*** Raw data ***

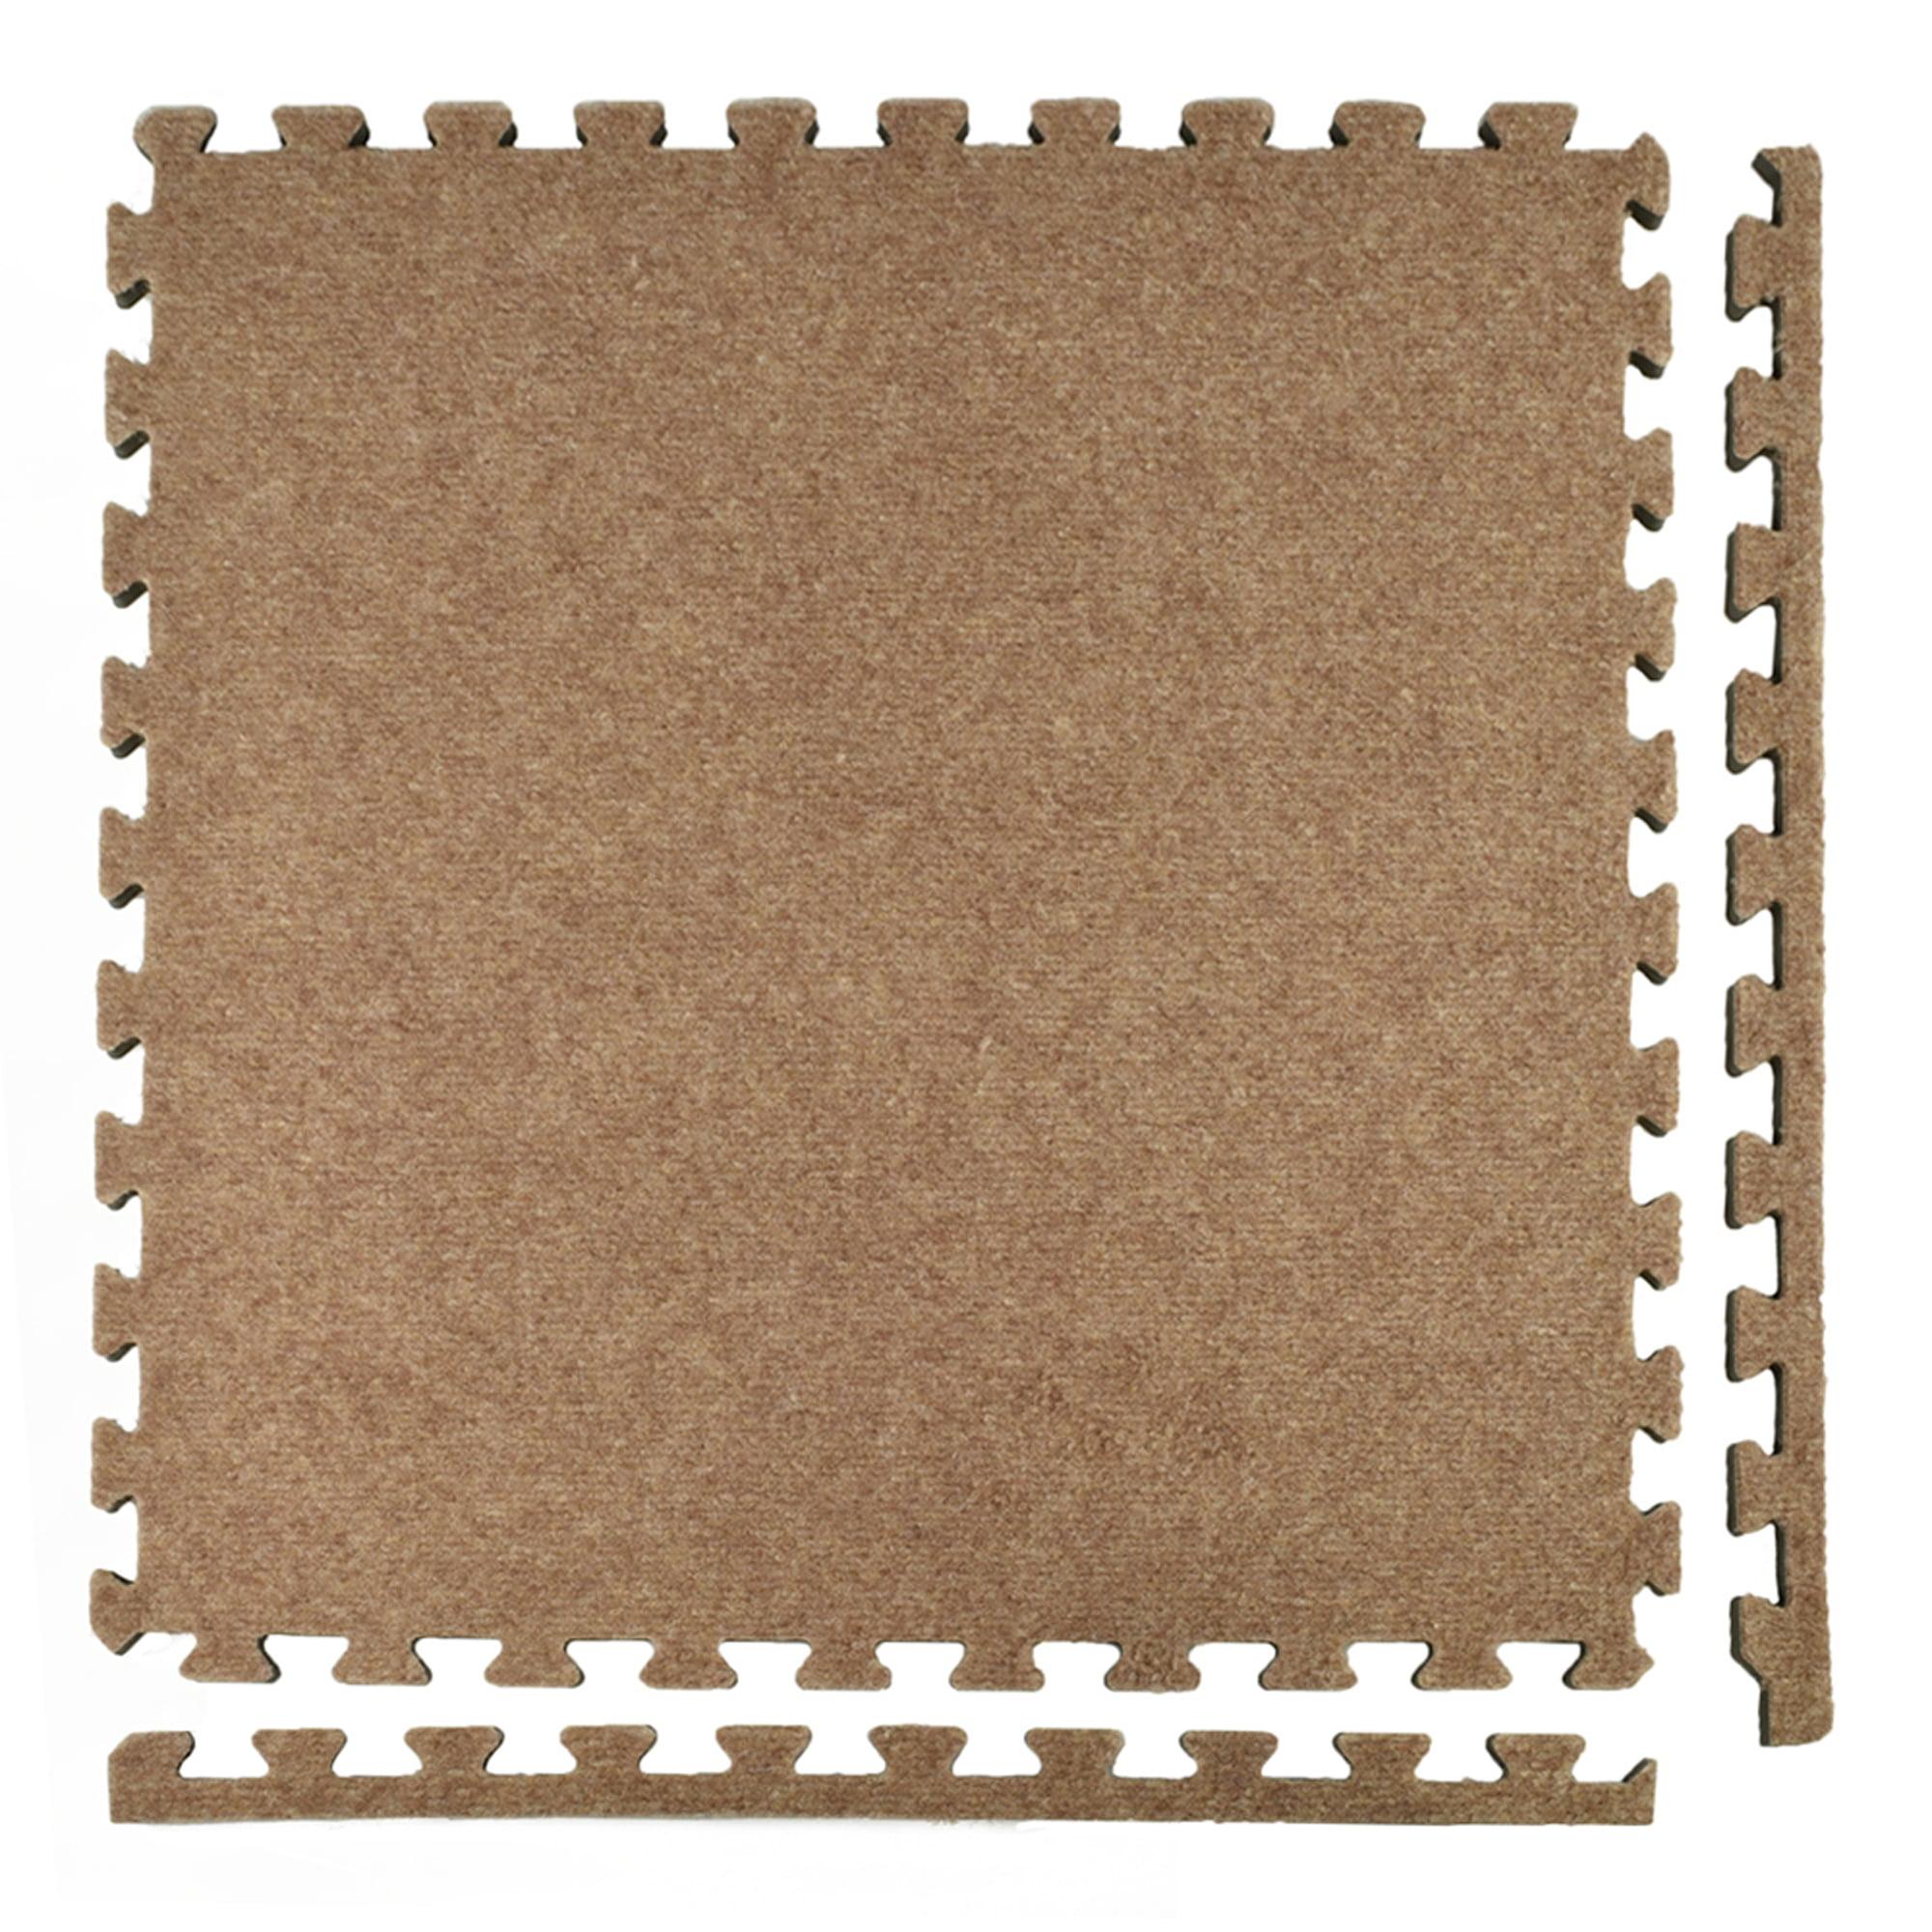 Greatmats Royal Interlocking 2 ft. x 2 ft. x 5/8 in. Carpet Floor Tiles Blue 25 Pack
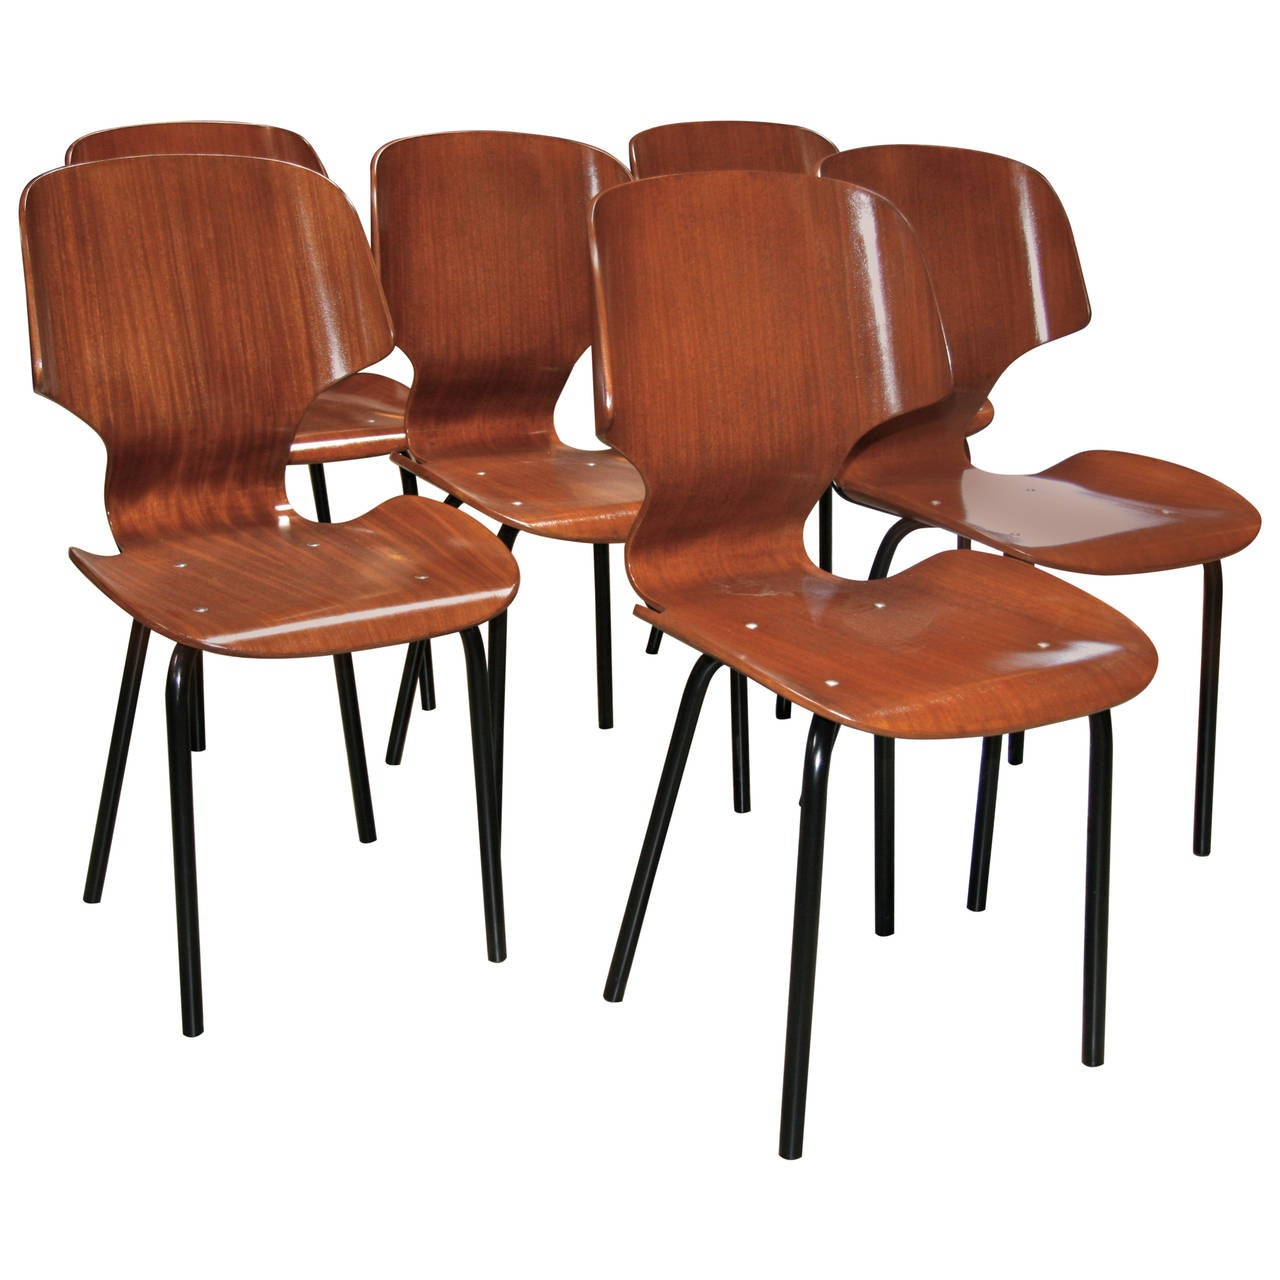 Set of Six Chairs by Carlo Ratti, 1955
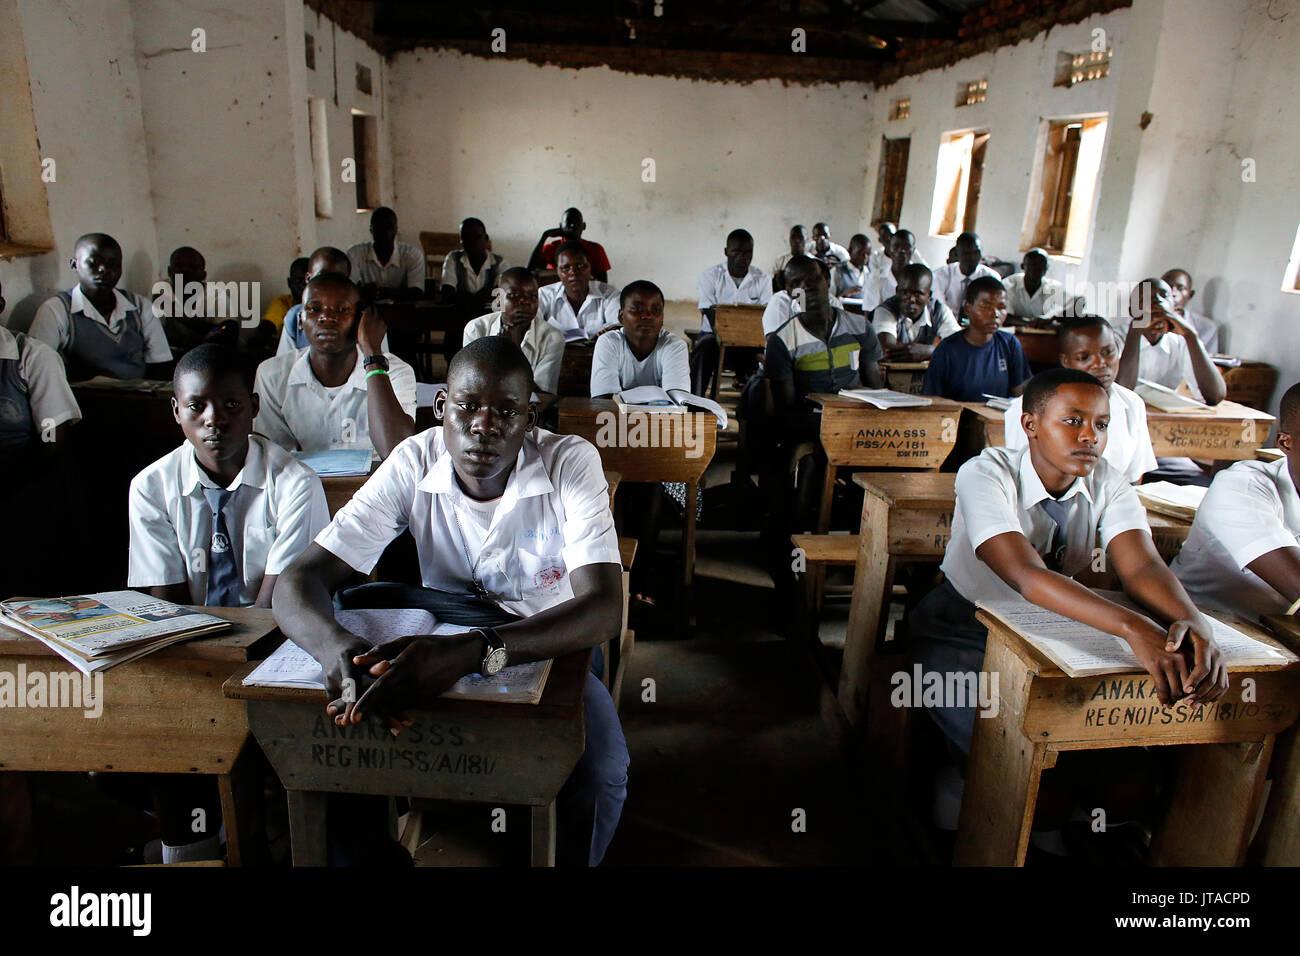 Anaka senior secondary school, Anaka, Uganda, Africa - Stock Image

*** End of Raw data ***

> _Aim of the task_
Lines from the one that holds "Set of Six Chairs by Carlo Ratti, 1955" through the final line of the material are to be duplicated exactly; no pictures belong in the copy.

> _Output of the exercise_
 Set of Six Chairs by Carlo Ratti, 1955
 Anaka senior secondary school, Anaka, Uganda, Africa - Stock Image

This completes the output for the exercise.